We are delighted to share the new Special Issue of the Oxford Review of Education: Education and Training for the Climate, co-edited by Steve Puttick, James Robson, Bill Finnegan and Tina Fawcett. The papers bring together a diverse range of international contexts (Canada, the Galápagos, India, Ireland, and England), and the authors represent a wide range of career stages and research projects, from doctoral research through to large-scale UKRI-funded work, exploring a diversity of education and training contexts and phases, drawing from a range of disciplinary and interdisciplinary perspectives including geography, environmental science, literature, law, economics, and education. Together, they provide insights into the diversity of education and training for the climate and raise critical interdisciplinary questions that we hope will be generative for future research. You can find the Editorial Education and training for the climate by Steve Puttick, James Robson, William Finnegan and Tina Fawcett.

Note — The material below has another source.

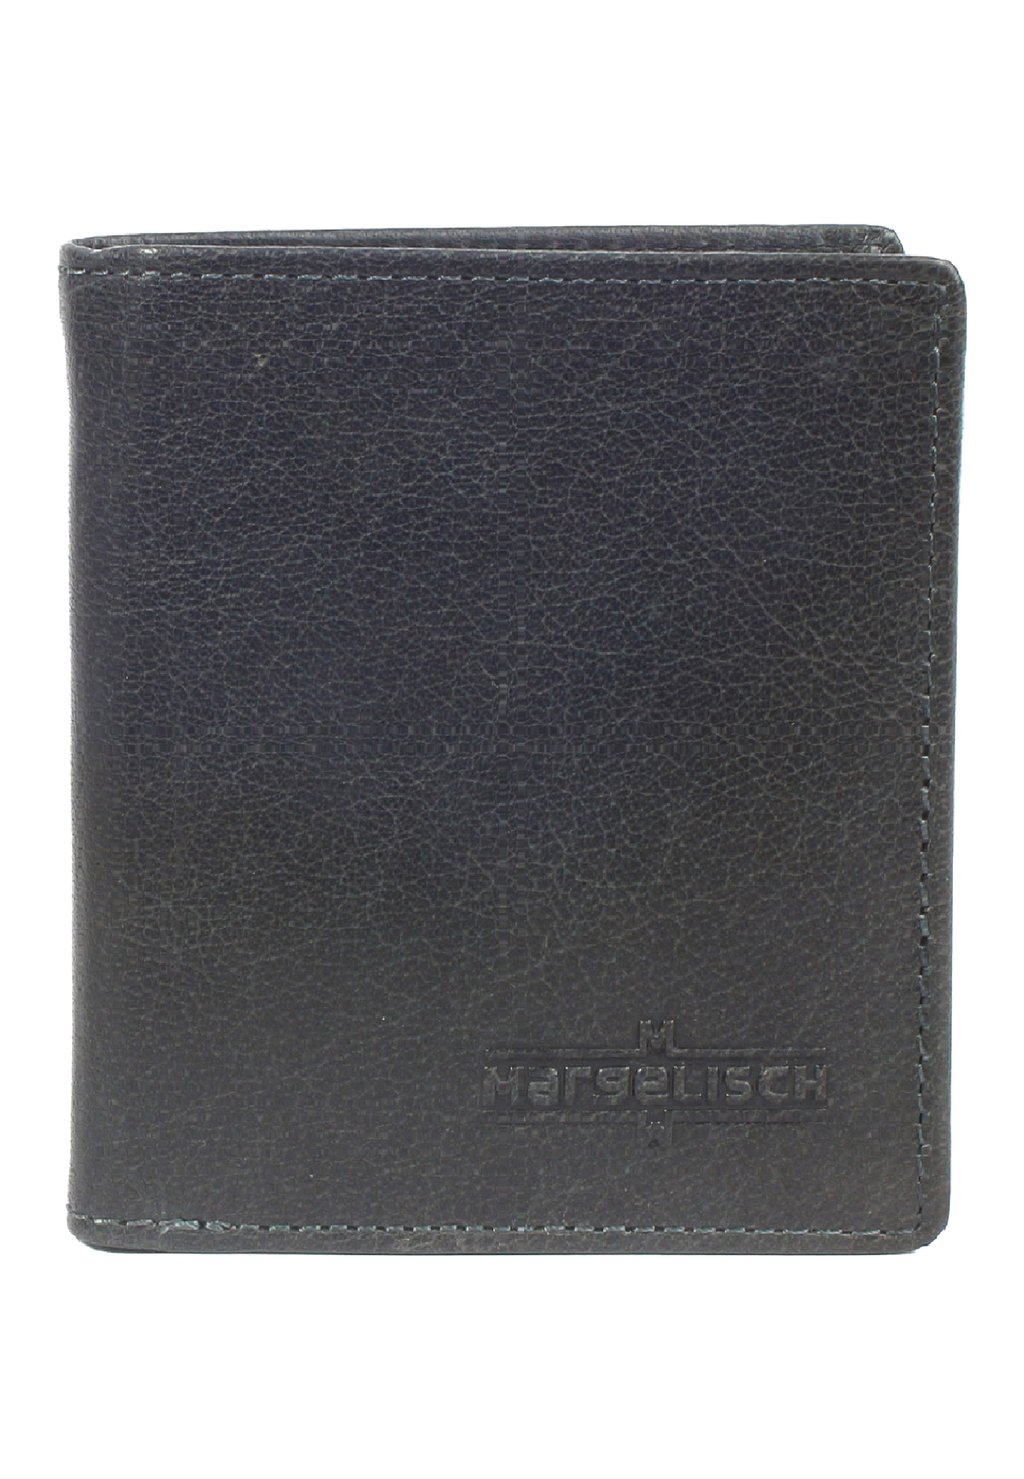 Кошелек RFID TOKYO Margelisch, цвет steel blue кошелек texas margelisch цвет black

The new Special Issue include the following articles:
Rethinking education and training for the climate: individuals, systems, narrative skills and economic transformation (Robson, Puttick and Finnegan)
Voices of the Future: rhetoric, myth, and science in children’s climate discourse (Siebers and Ambreen)
Teachers’ perspectives on effective climate change education in India (Shimray and Padmanabhan)
Climate change litigation as a tool for climate change education (Fuchs, Young and Lenihan-Ikin)
Game-based learning as a pedagogical tool towards climate change learning and participation (Martinez Sainz, Ioannidou, Pignoloni, Stainforth, Rebel, Sousa de Sena and Cocco)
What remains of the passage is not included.